(PROBLEM REQUIREMENTS): Skip pictures in the listing below; copy exactly the lines from the one with "Tatra Jasne Pelne" through the one with "El ministro de", inclusive.

(MATERIAL FOR THIS EXERCISE):
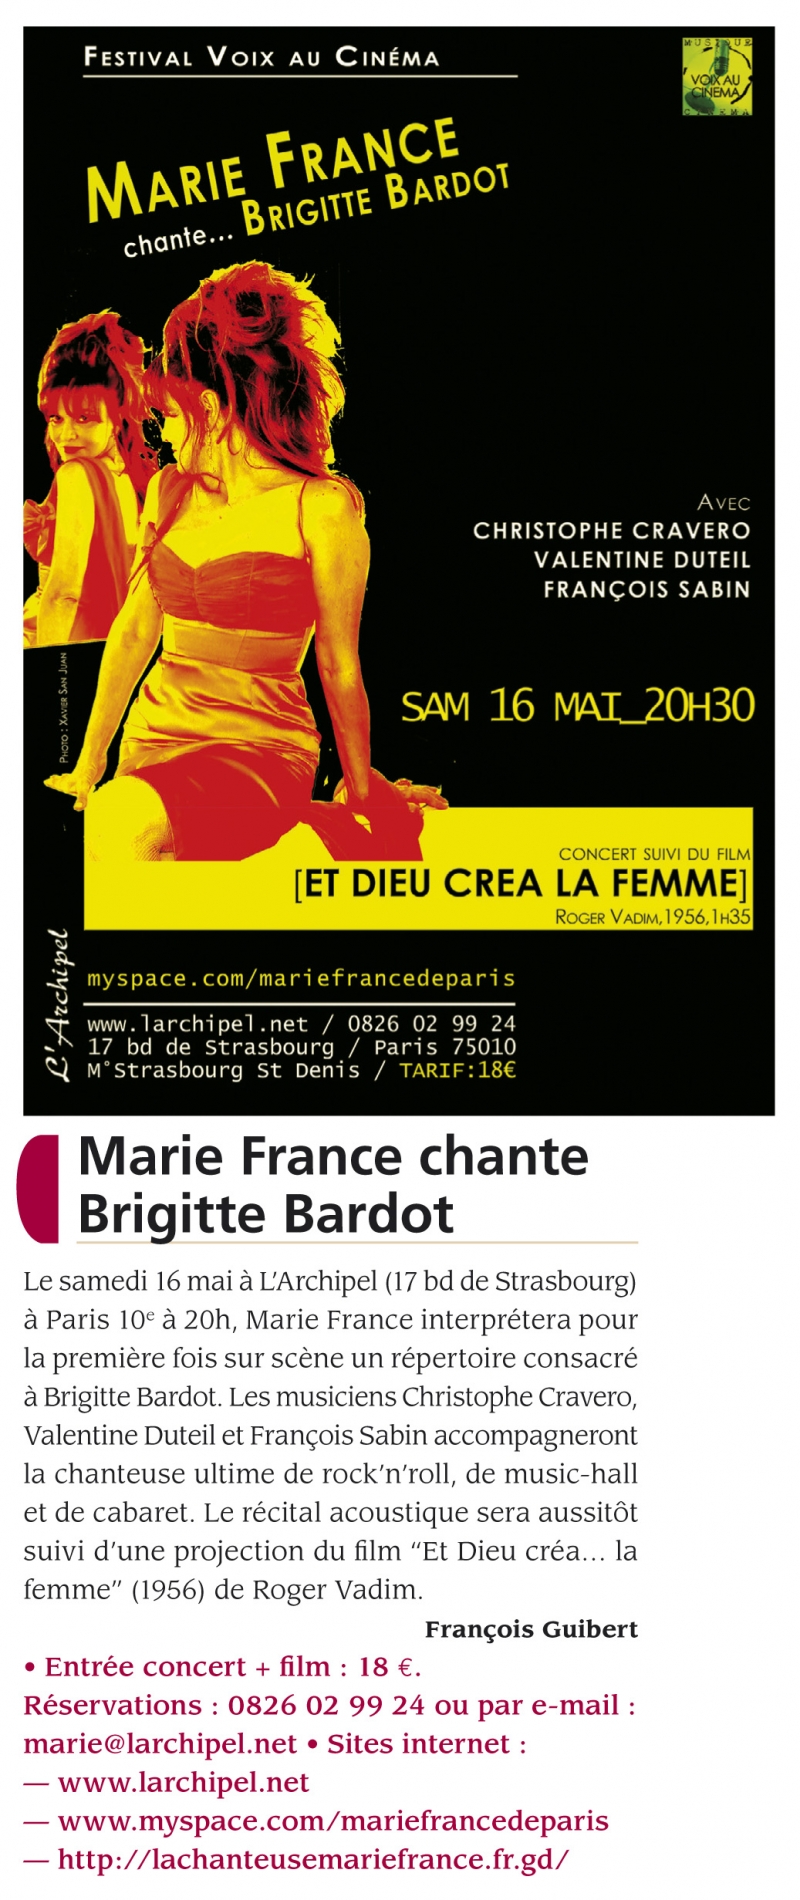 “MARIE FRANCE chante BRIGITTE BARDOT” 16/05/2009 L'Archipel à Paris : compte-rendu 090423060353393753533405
==
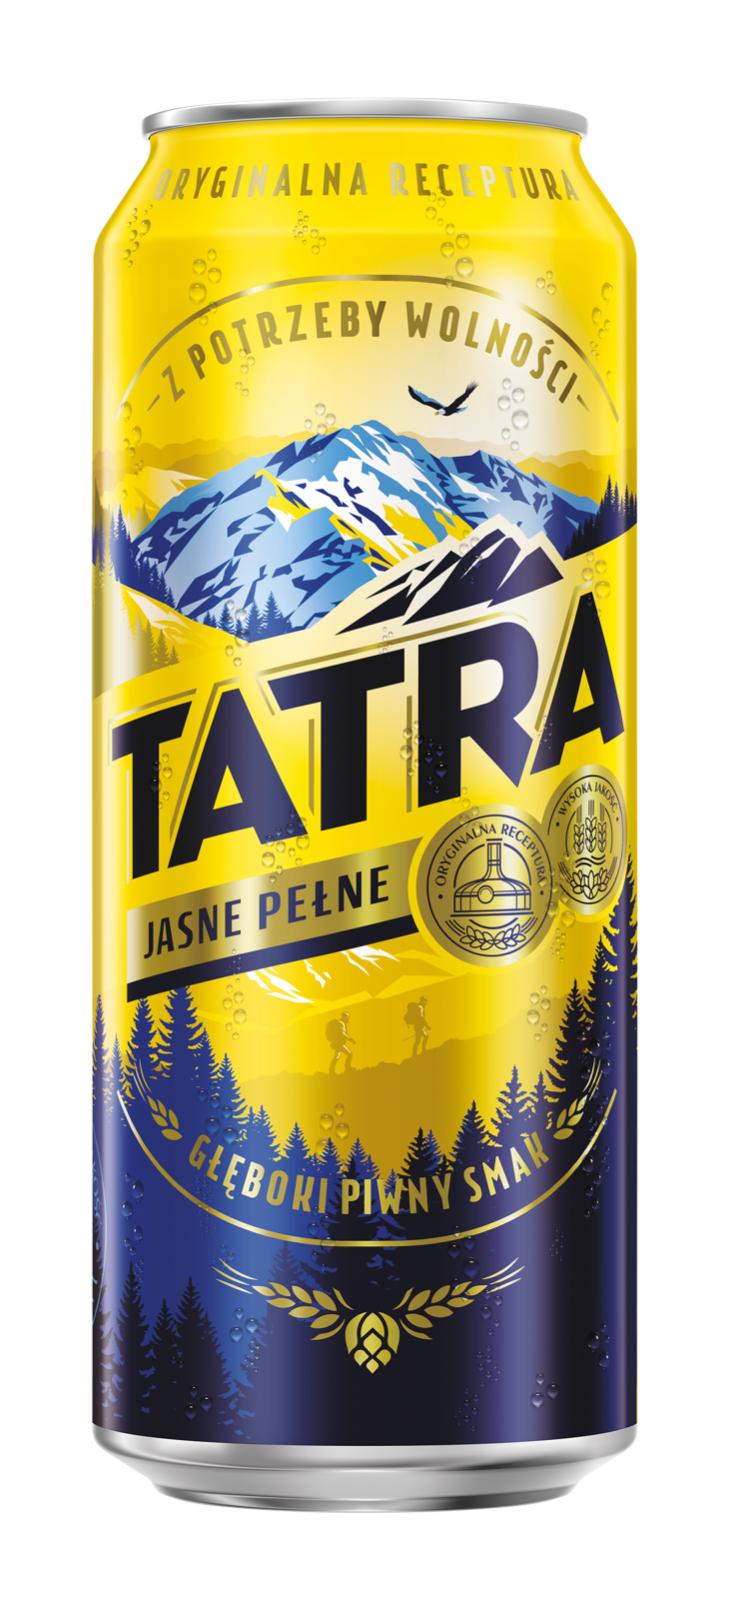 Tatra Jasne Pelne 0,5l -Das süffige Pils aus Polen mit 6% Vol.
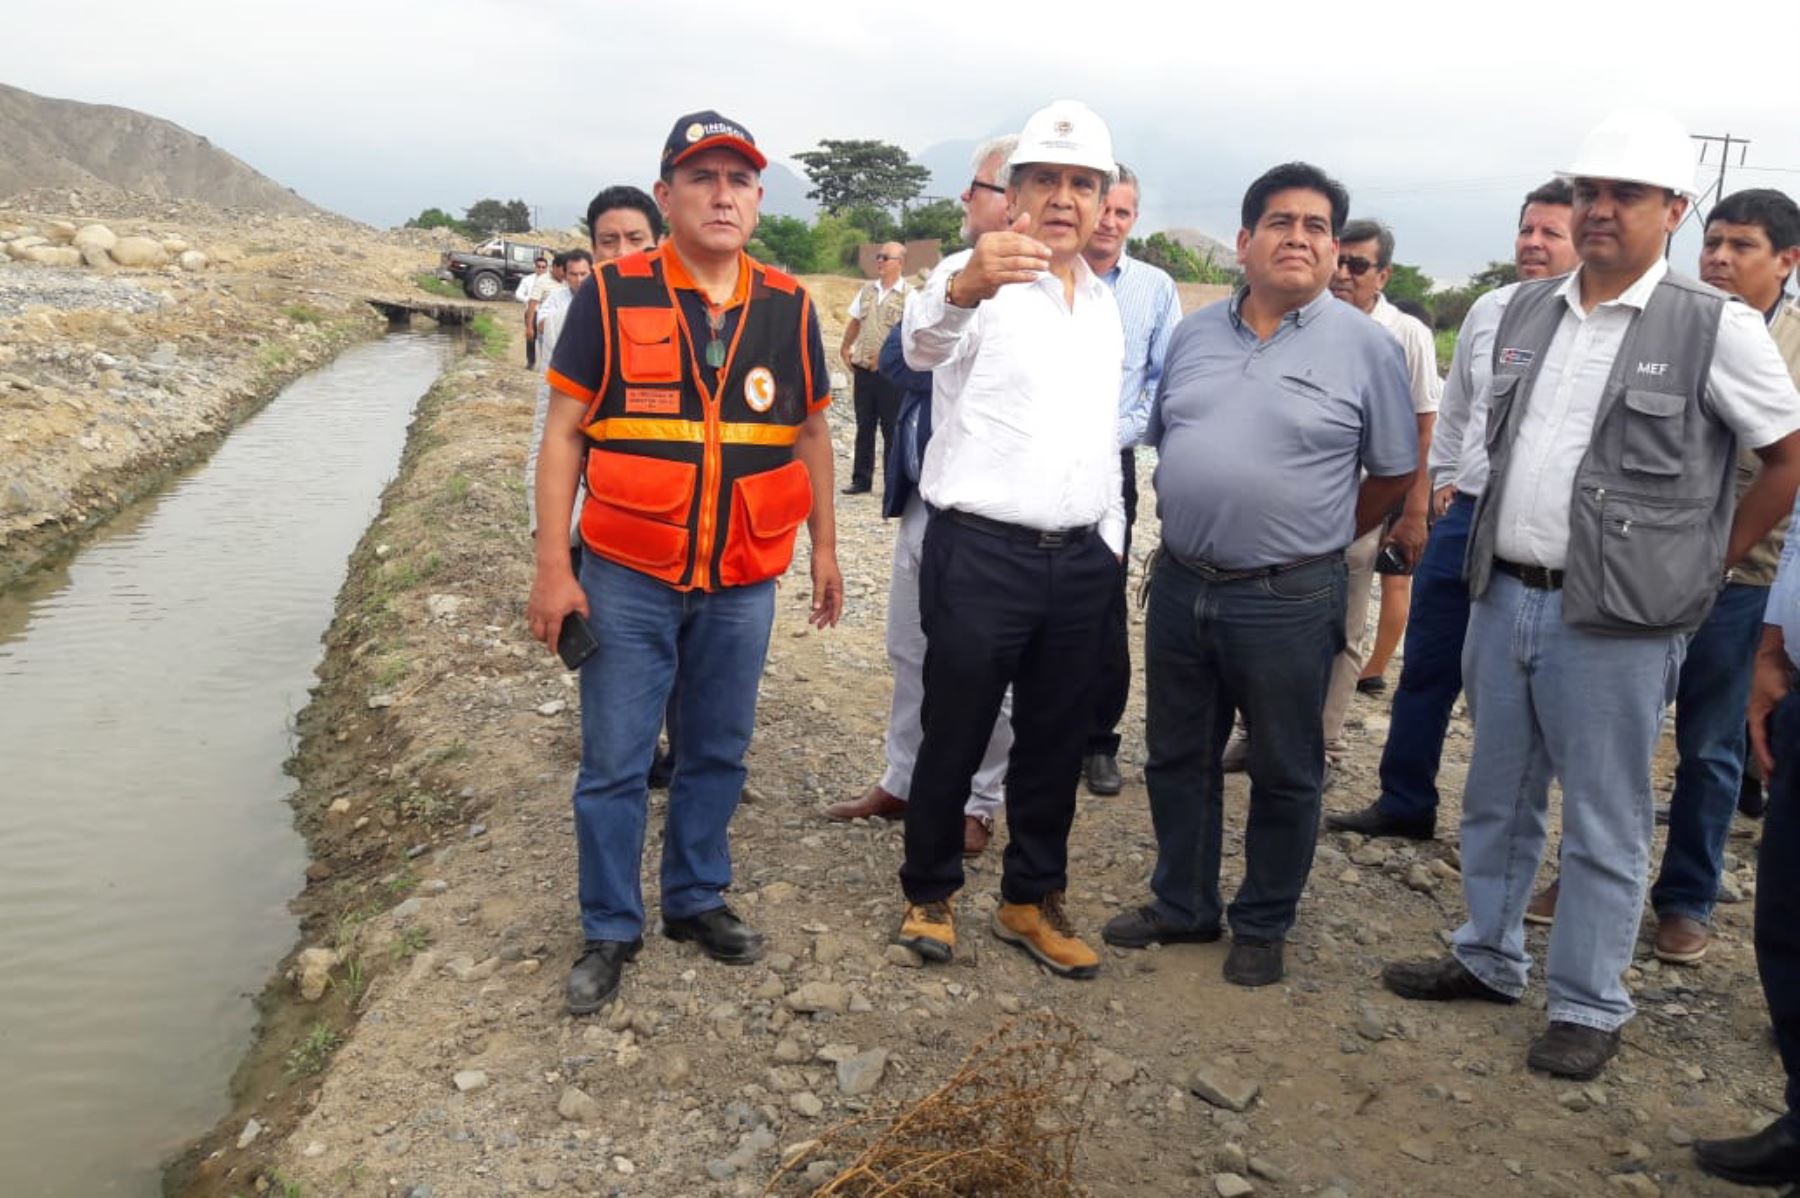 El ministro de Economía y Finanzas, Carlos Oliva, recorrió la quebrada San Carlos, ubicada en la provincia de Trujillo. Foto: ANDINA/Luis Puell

(RESPONSE BOX):
 Tatra Jasne Pelne 0,5l -Das süffige Pils aus Polen mit 6% Vol.
 El ministro de Economía y Finanzas, Carlos Oliva, recorrió la quebrada San Carlos, ubicada en la provincia de Trujillo. Foto: ANDINA/Luis Puell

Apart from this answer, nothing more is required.